### EXERCISE
From the material below, return exactly the lines starting at the one that holds "4.5.- CLASIFICACIÓN DE" and ending at the one that holds "Louis Vuitton x". Pictures stay out of the answer.

---------- INFORMATION ----------

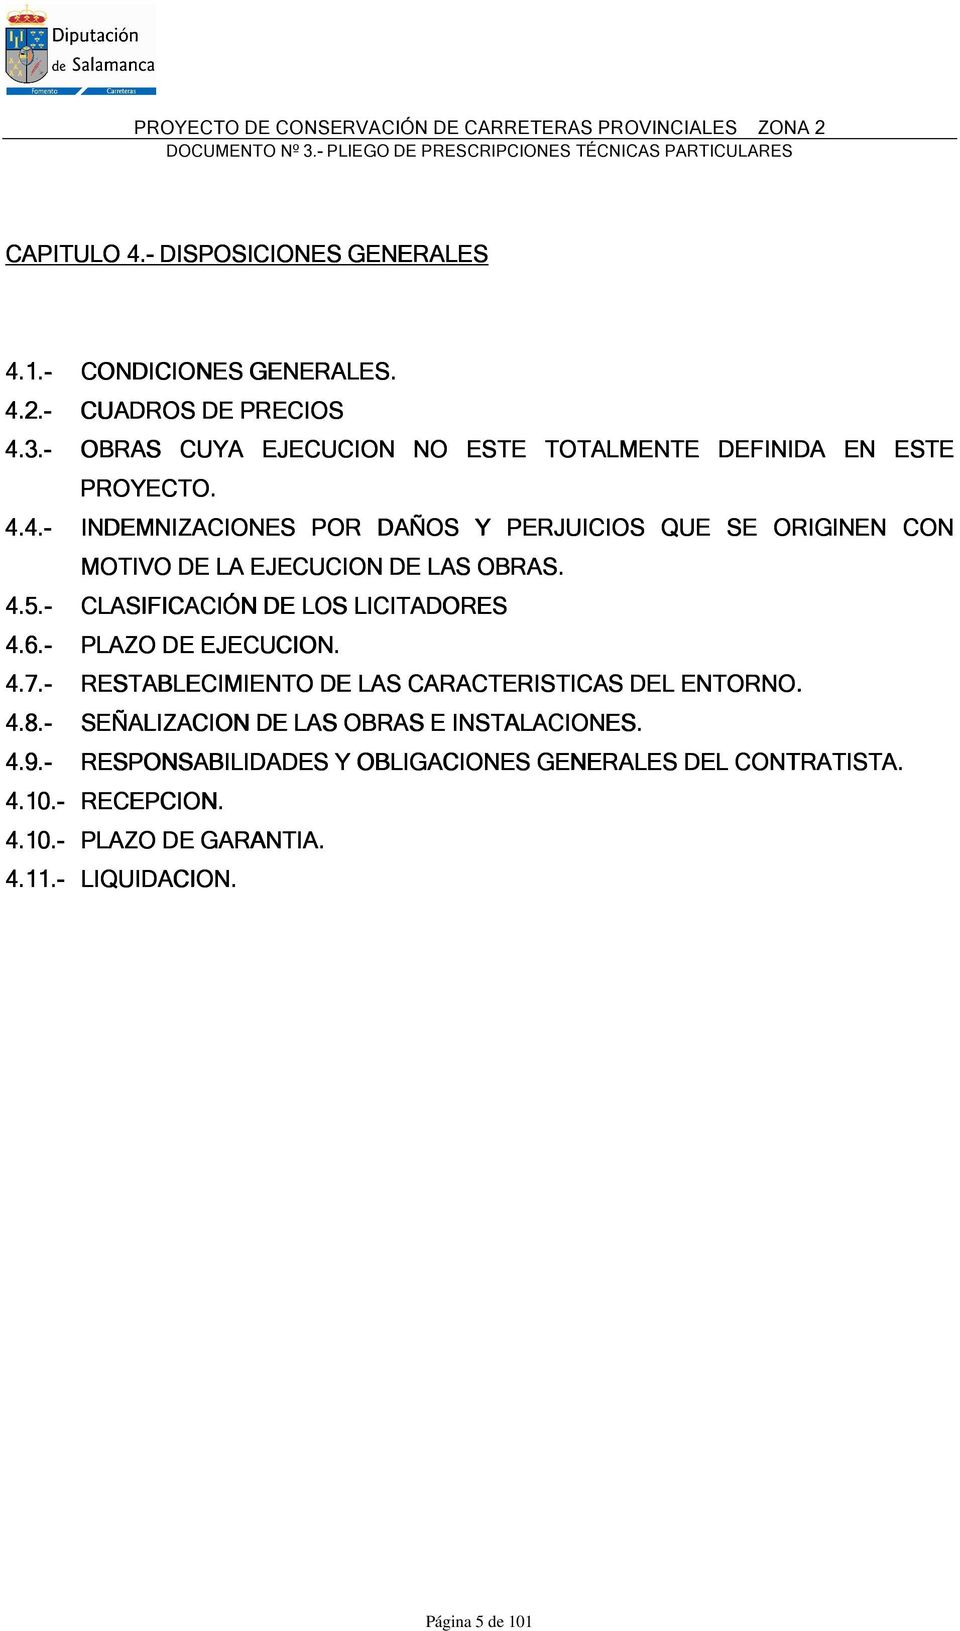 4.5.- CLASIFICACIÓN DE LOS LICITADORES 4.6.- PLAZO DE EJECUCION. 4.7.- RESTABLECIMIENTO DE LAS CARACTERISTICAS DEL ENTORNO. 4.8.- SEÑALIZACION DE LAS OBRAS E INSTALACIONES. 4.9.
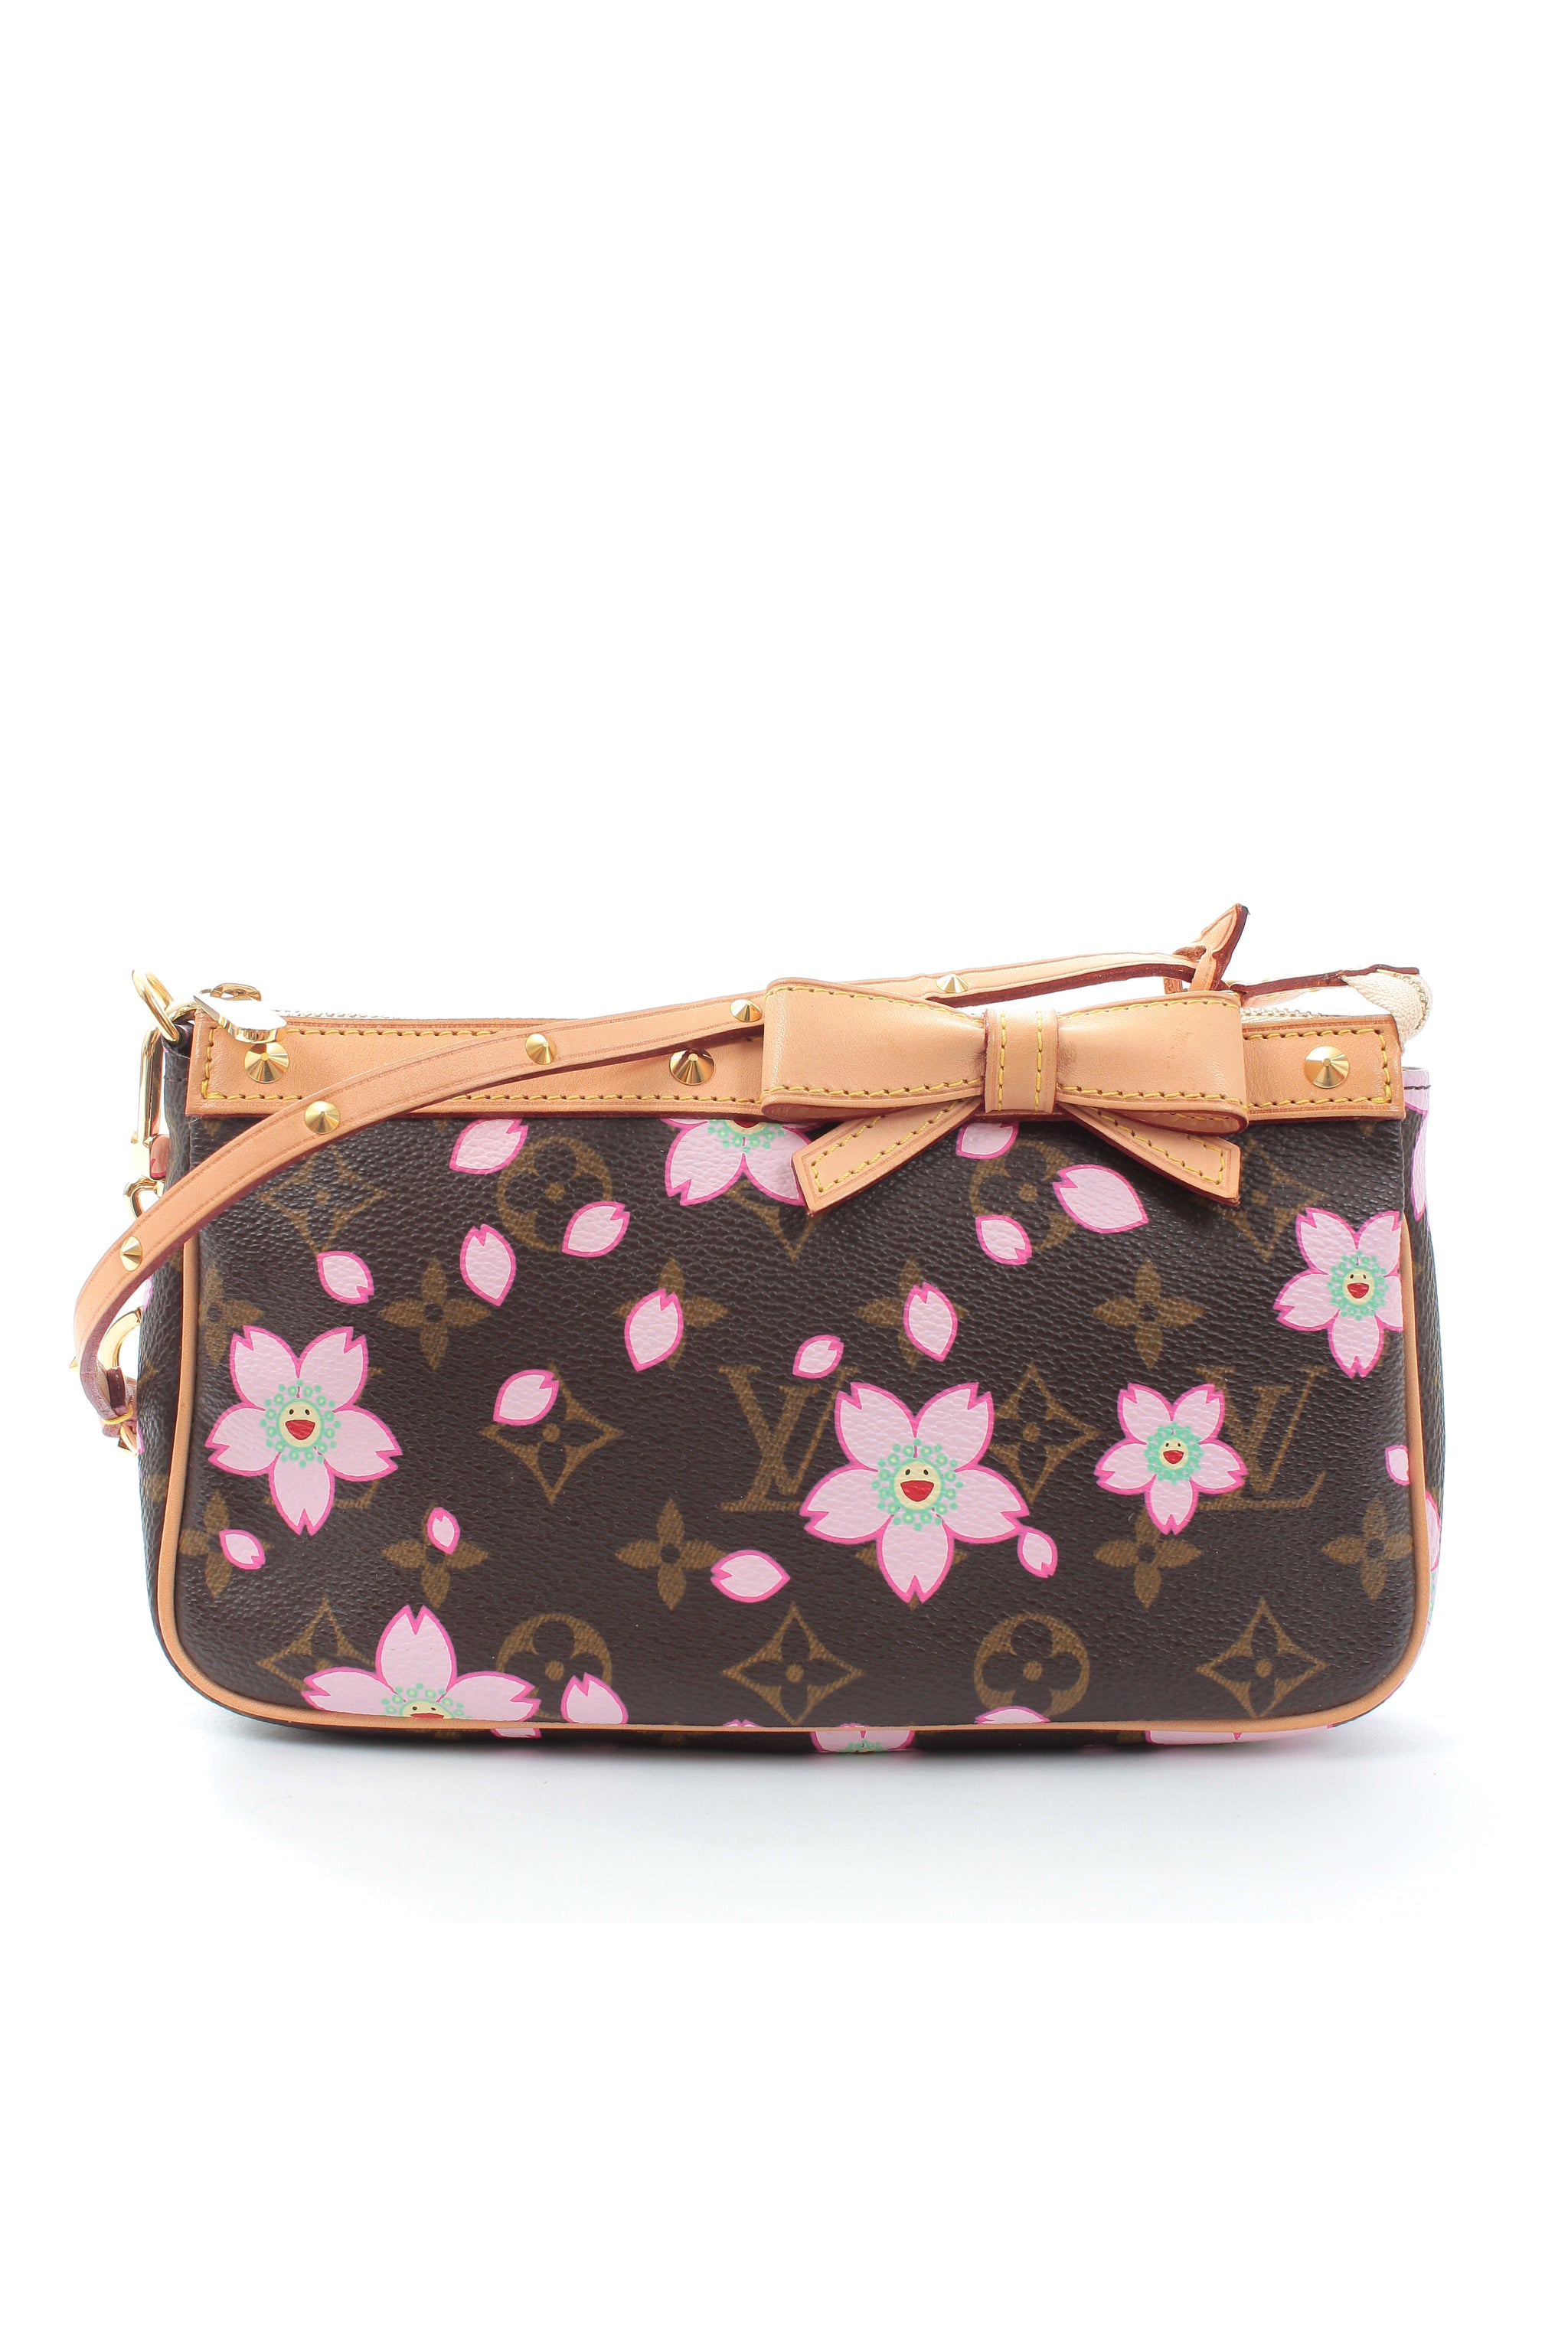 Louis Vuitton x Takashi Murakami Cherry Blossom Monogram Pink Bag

----------
---------- INFORMATION ----------

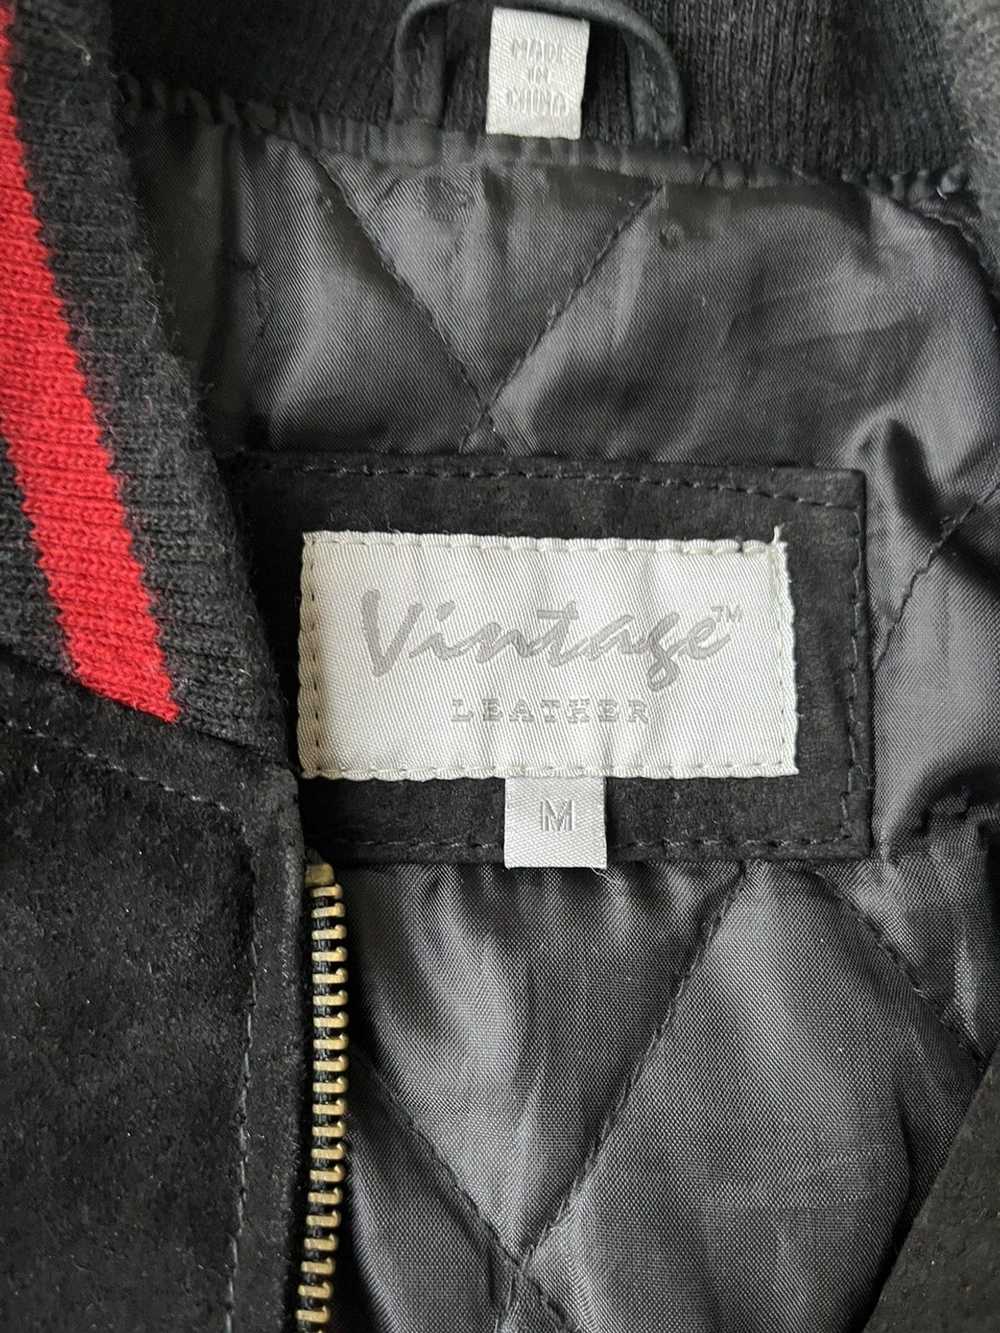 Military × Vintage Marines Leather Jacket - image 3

----------

### EXPECTED ANSWER
 4.5.- CLASIFICACIÓN DE LOS LICITADORES 4.6.- PLAZO DE EJECUCION. 4.7.- RESTABLECIMIENTO DE LAS CARACTERISTICAS DEL ENTORNO. 4.8.- SEÑALIZACION DE LAS OBRAS E INSTALACIONES. 4.9.
 Louis Vuitton x Takashi Murakami Cherry Blossom Monogram Pink Bag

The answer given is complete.